#### PROBLEM DETAILS:
Everything from the line with "Framed Lithograph in" down to the line with "The Family of Cain." below must be printed exactly, those two lines included. Exclude pictures.

#### TASK INPUT:

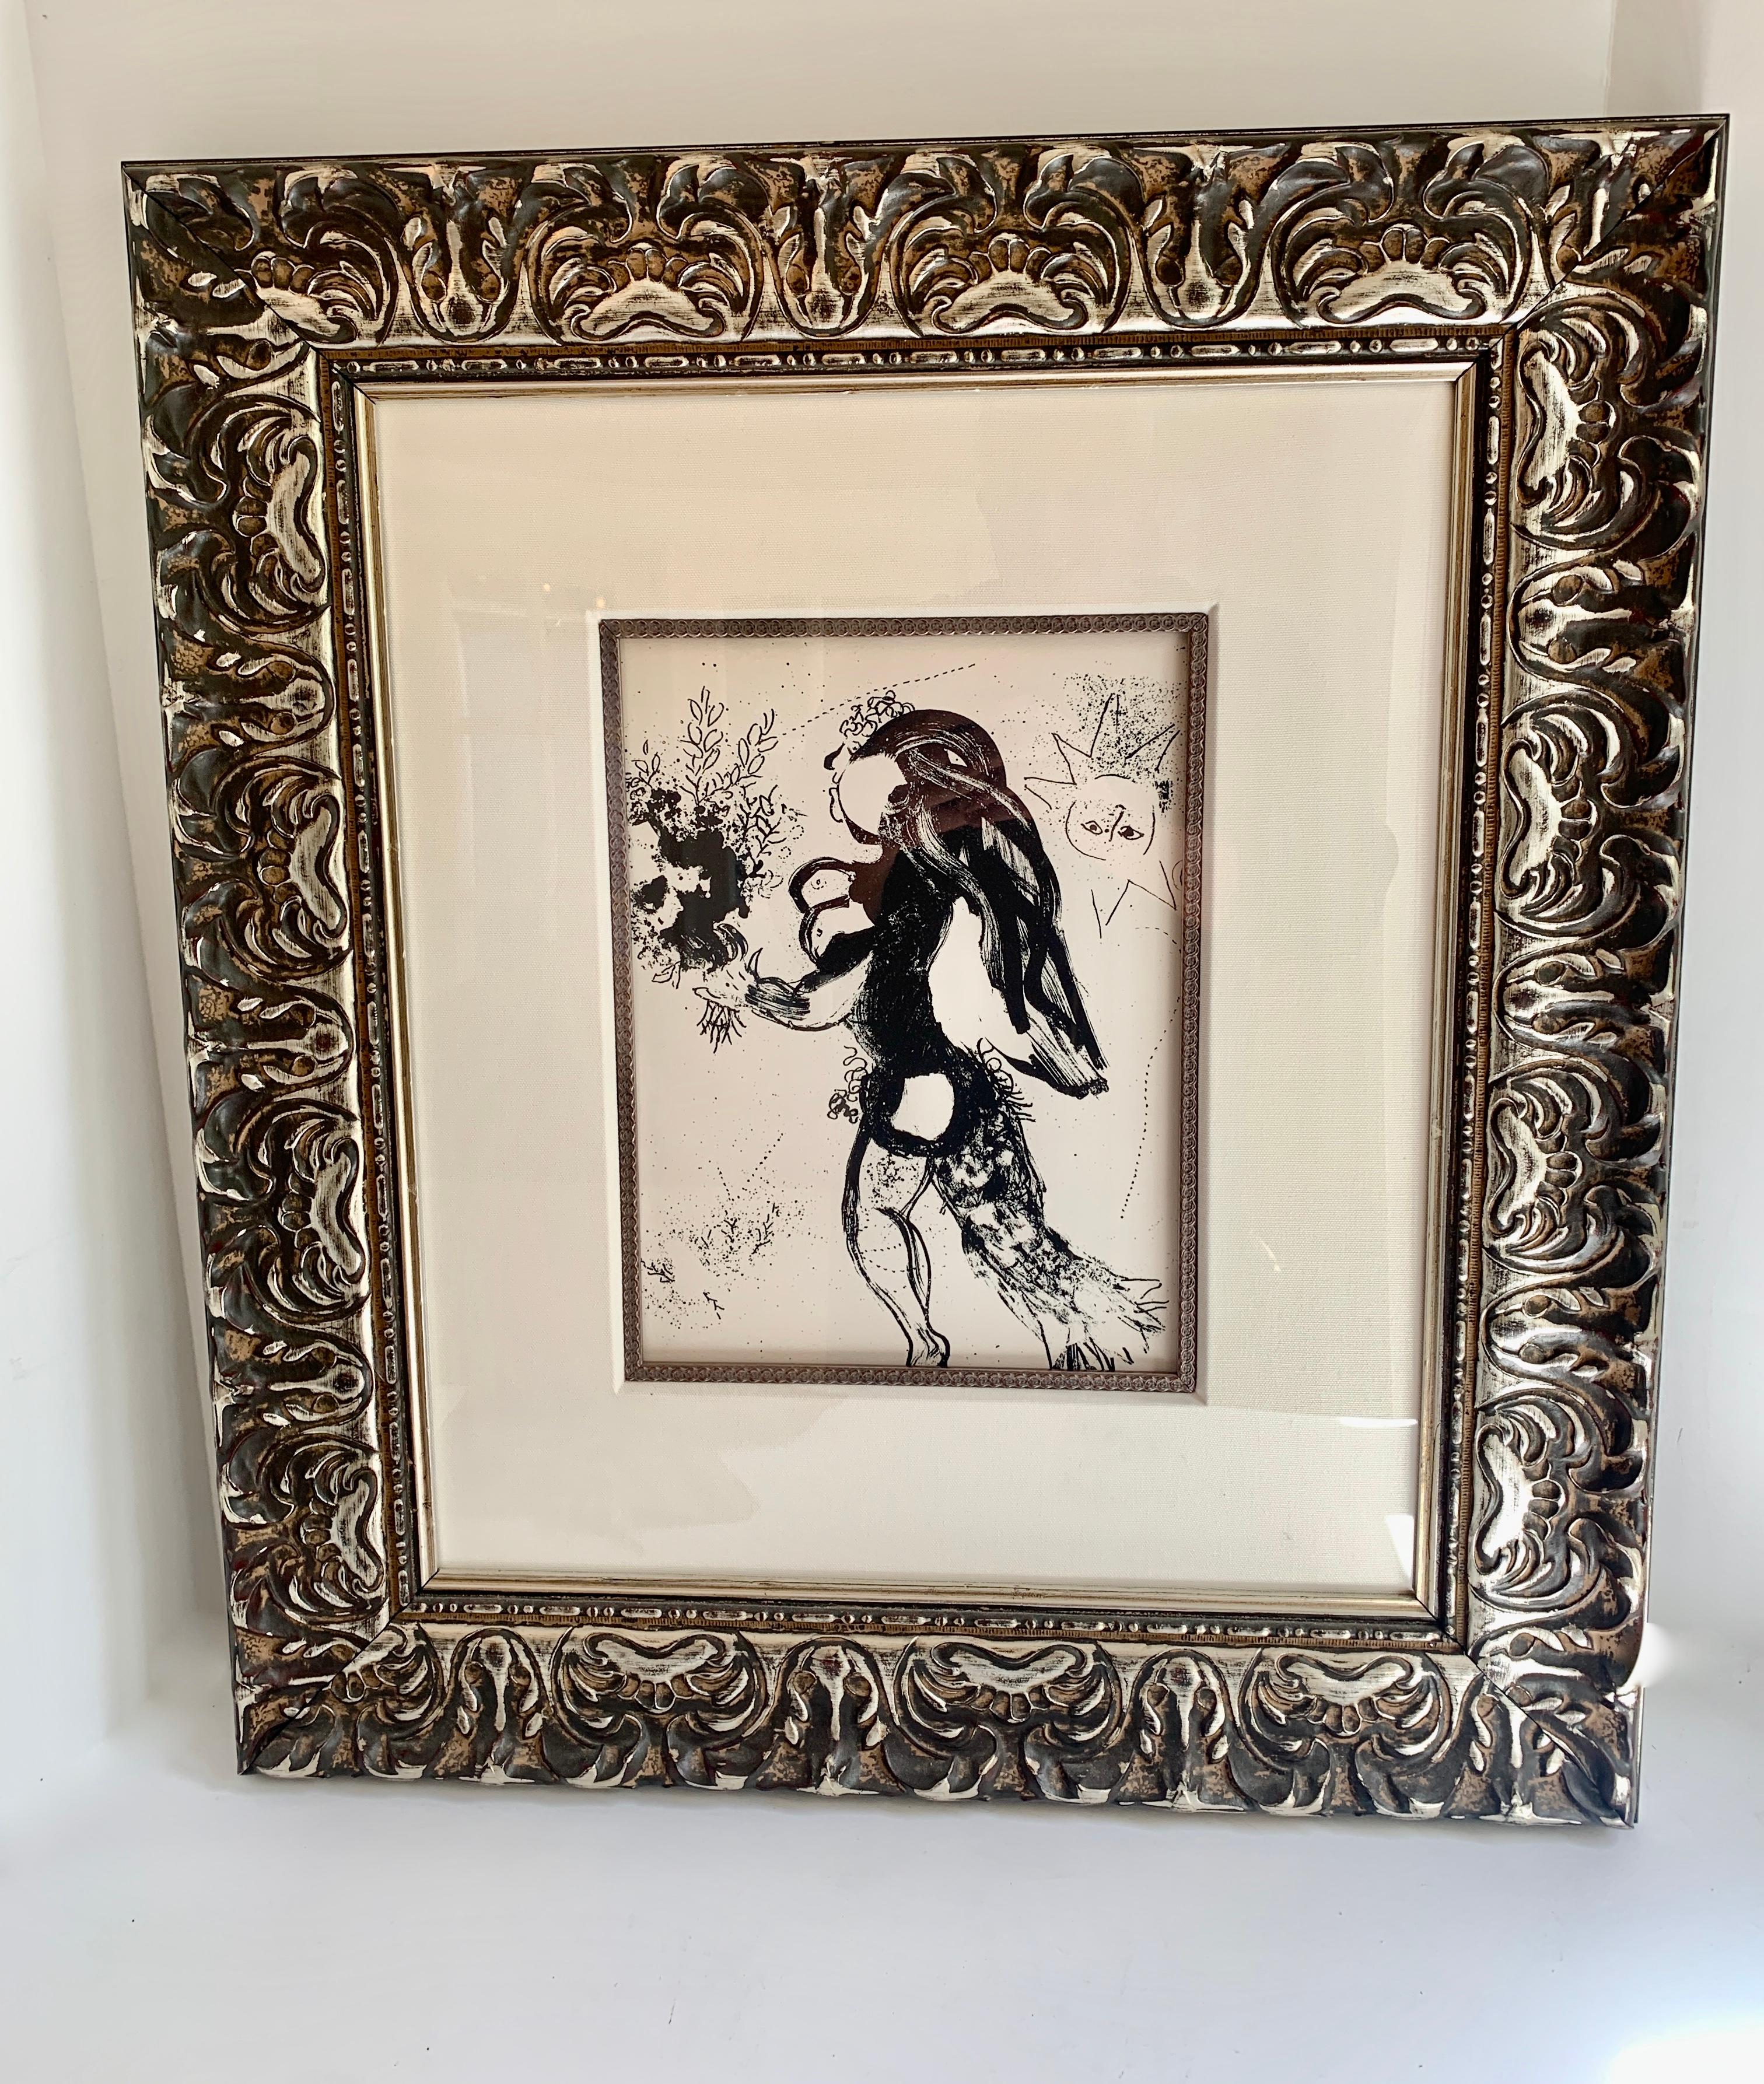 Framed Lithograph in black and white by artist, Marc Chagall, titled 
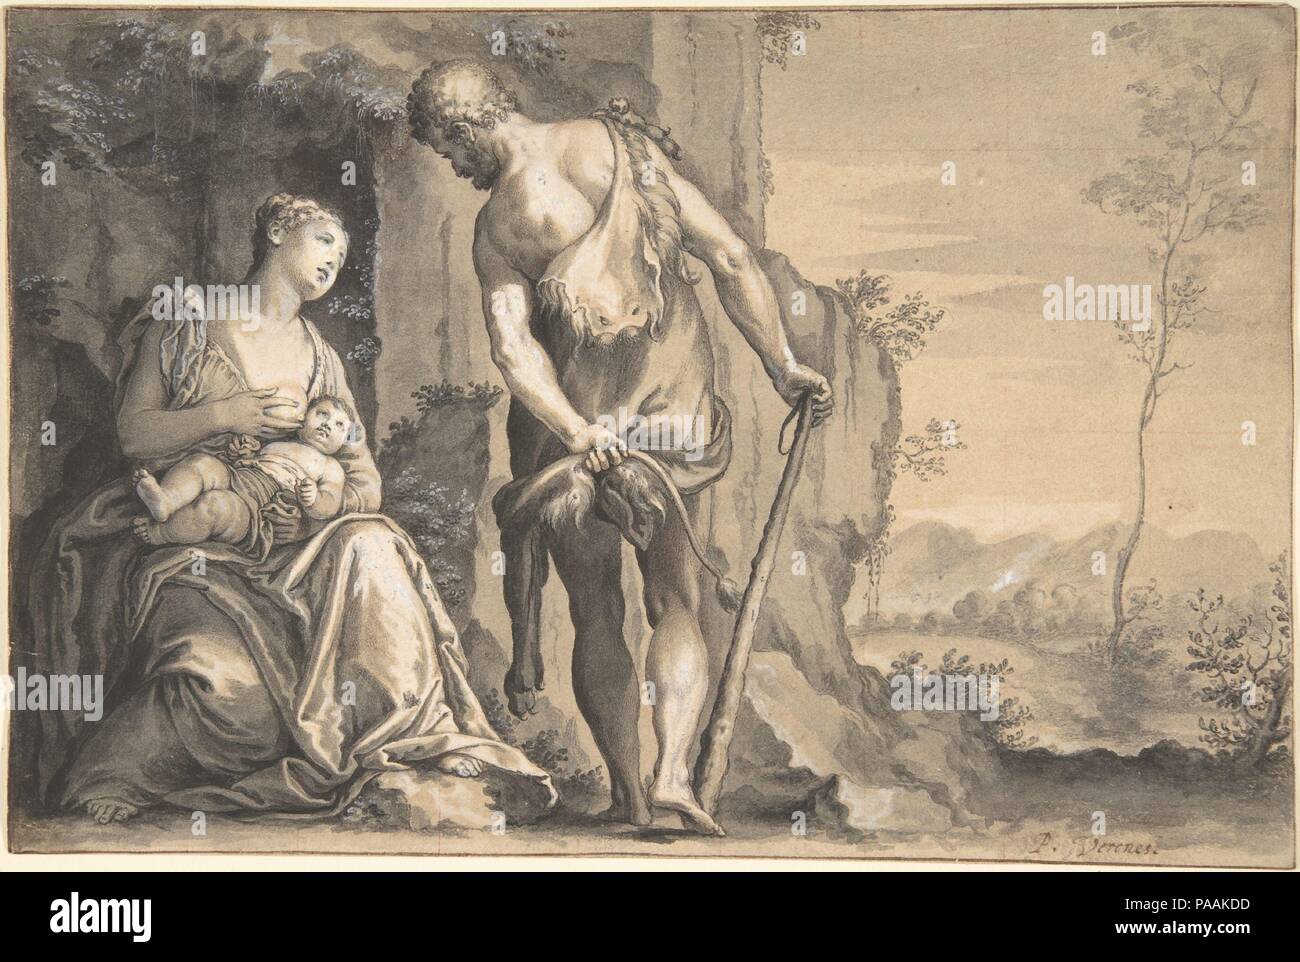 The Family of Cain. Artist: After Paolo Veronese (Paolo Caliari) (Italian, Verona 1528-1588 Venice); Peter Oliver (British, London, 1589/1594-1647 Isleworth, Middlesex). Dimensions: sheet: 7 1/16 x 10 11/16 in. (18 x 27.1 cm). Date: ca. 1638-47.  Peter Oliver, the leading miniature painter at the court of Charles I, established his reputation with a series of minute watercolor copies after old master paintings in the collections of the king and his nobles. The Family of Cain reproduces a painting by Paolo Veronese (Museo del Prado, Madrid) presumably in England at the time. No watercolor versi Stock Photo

---

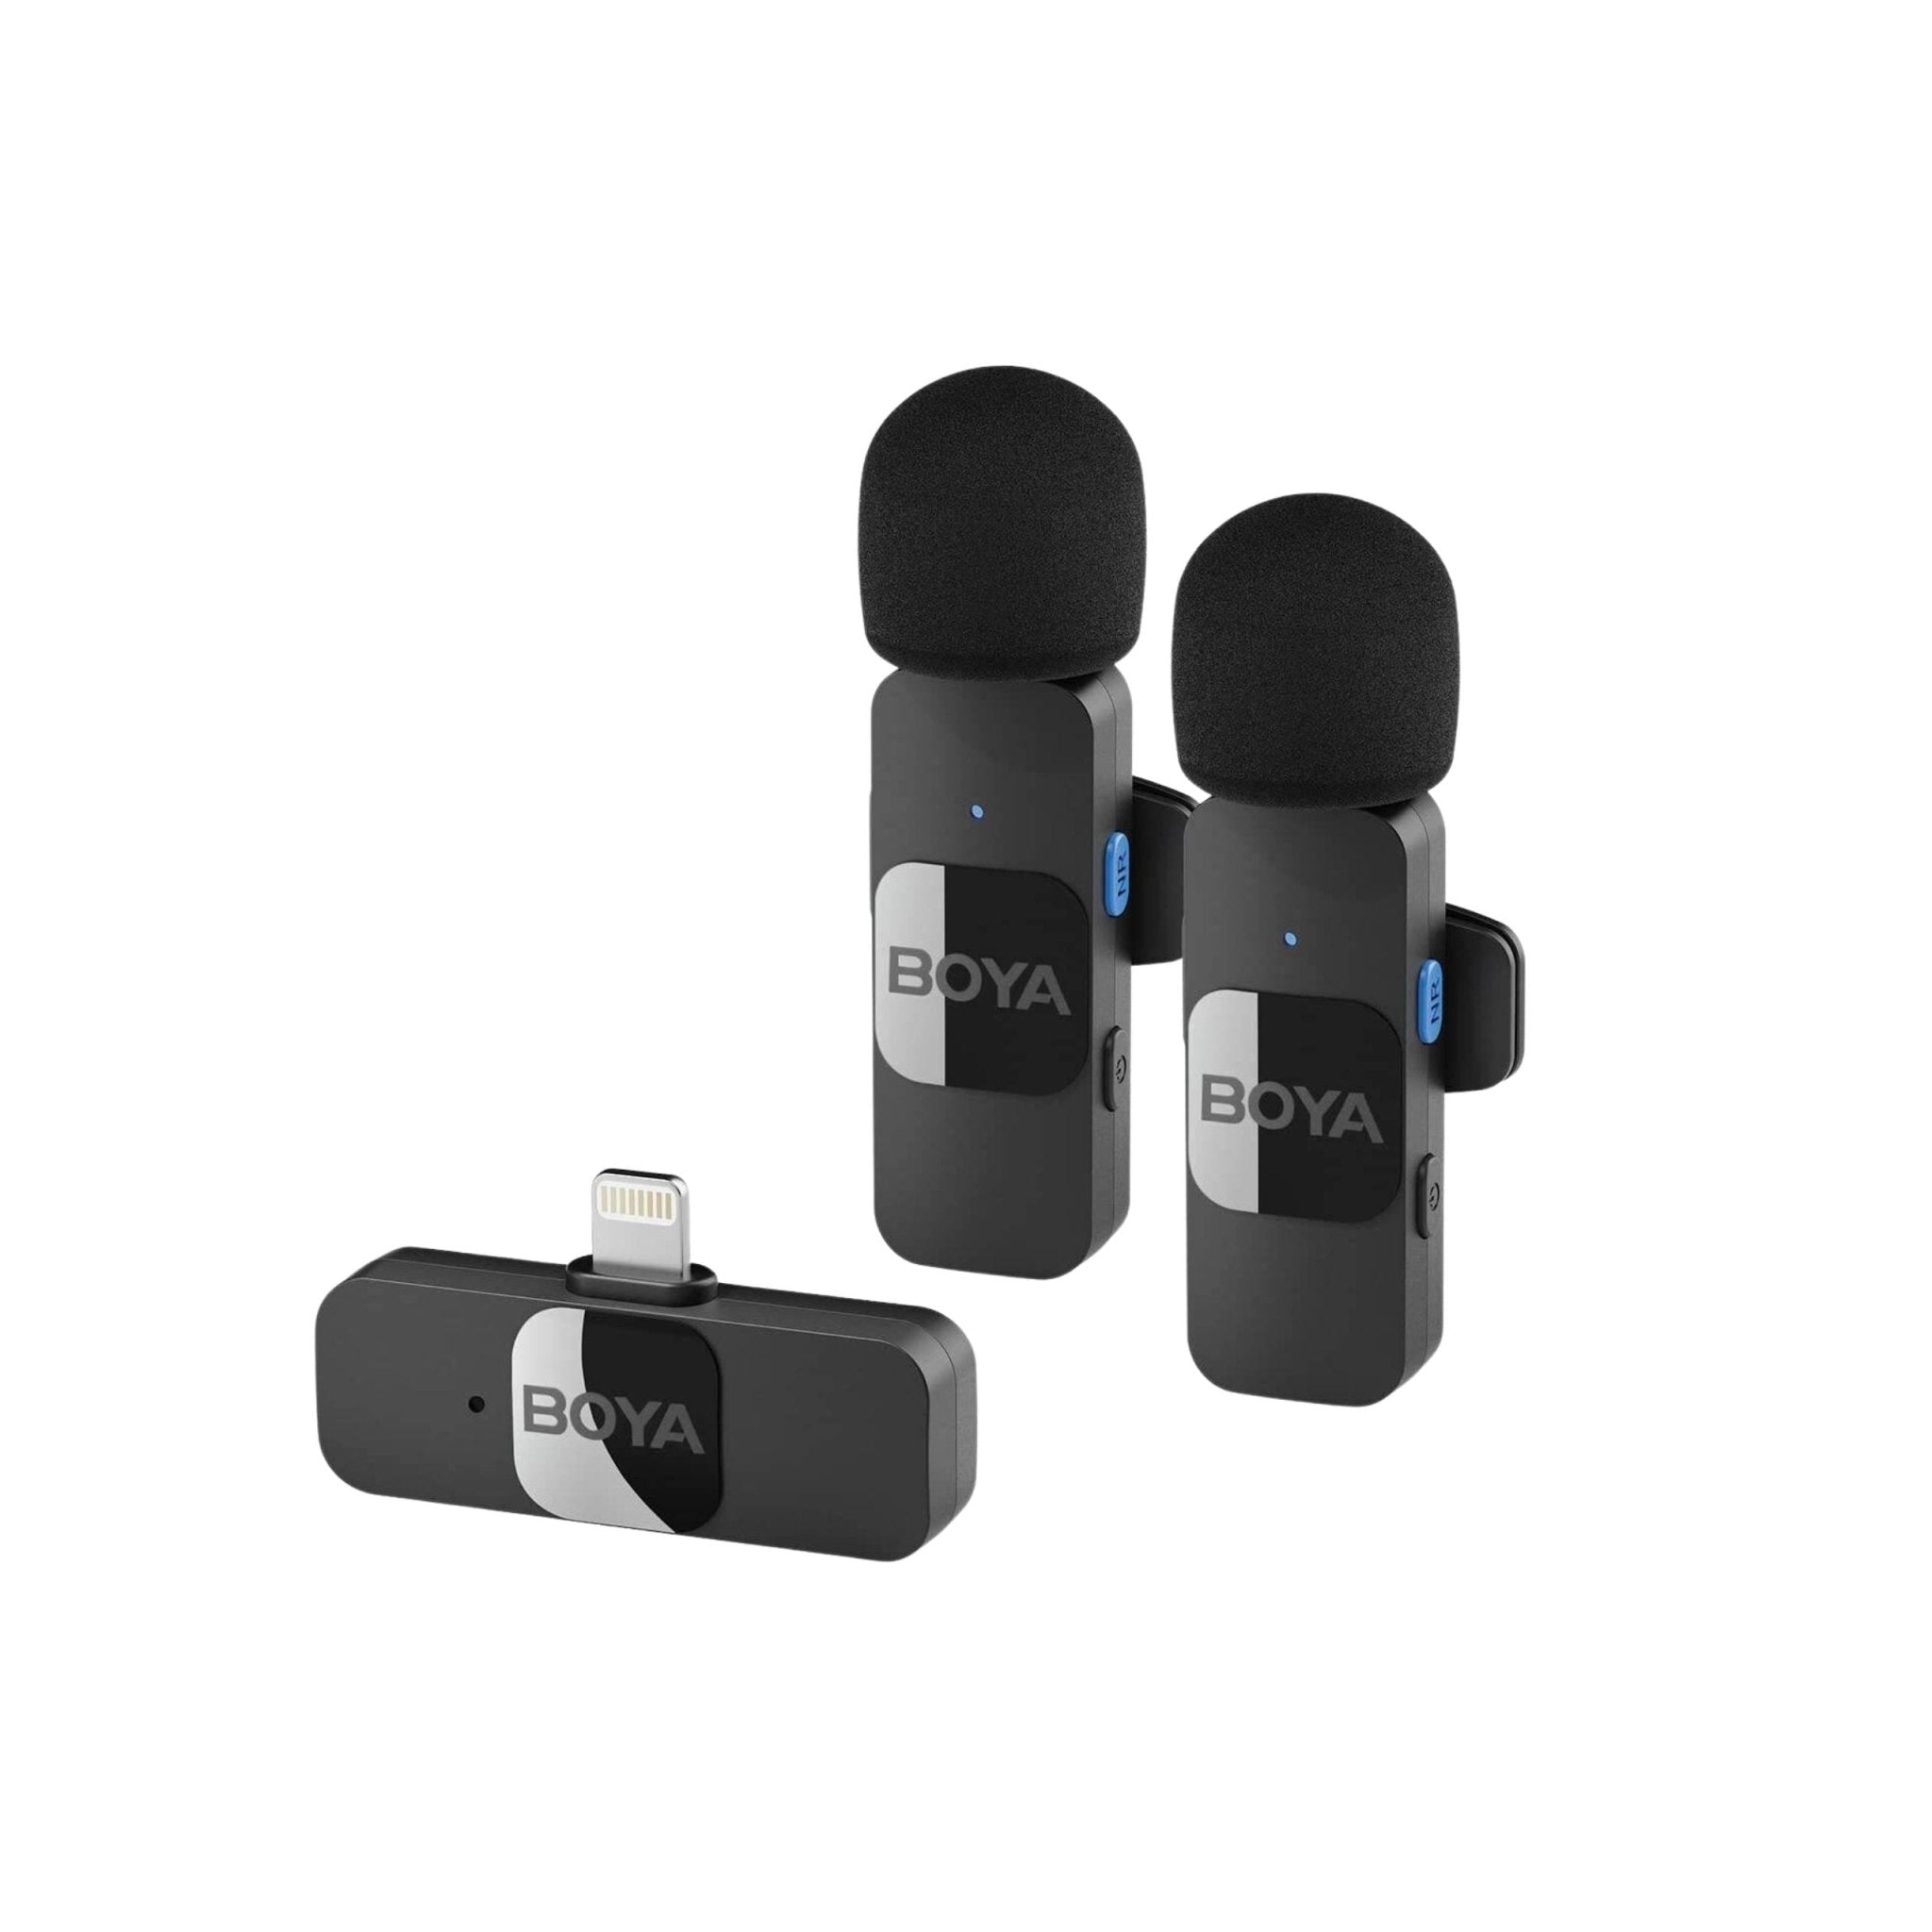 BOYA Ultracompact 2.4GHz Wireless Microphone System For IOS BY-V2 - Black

#### EXERCISE ANSWER:
 Framed Lithograph in black and white by artist, Marc Chagall, titled 
 The Family of Cain. Artist: After Paolo Veronese (Paolo Caliari) (Italian, Verona 1528-1588 Venice); Peter Oliver (British, London, 1589/1594-1647 Isleworth, Middlesex). Dimensions: sheet: 7 1/16 x 10 11/16 in. (18 x 27.1 cm). Date: ca. 1638-47.  Peter Oliver, the leading miniature painter at the court of Charles I, established his reputation with a series of minute watercolor copies after old master paintings in the collections of the king and his nobles. The Family of Cain reproduces a painting by Paolo Veronese (Museo del Prado, Madrid) presumably in England at the time. No watercolor versi Stock Photo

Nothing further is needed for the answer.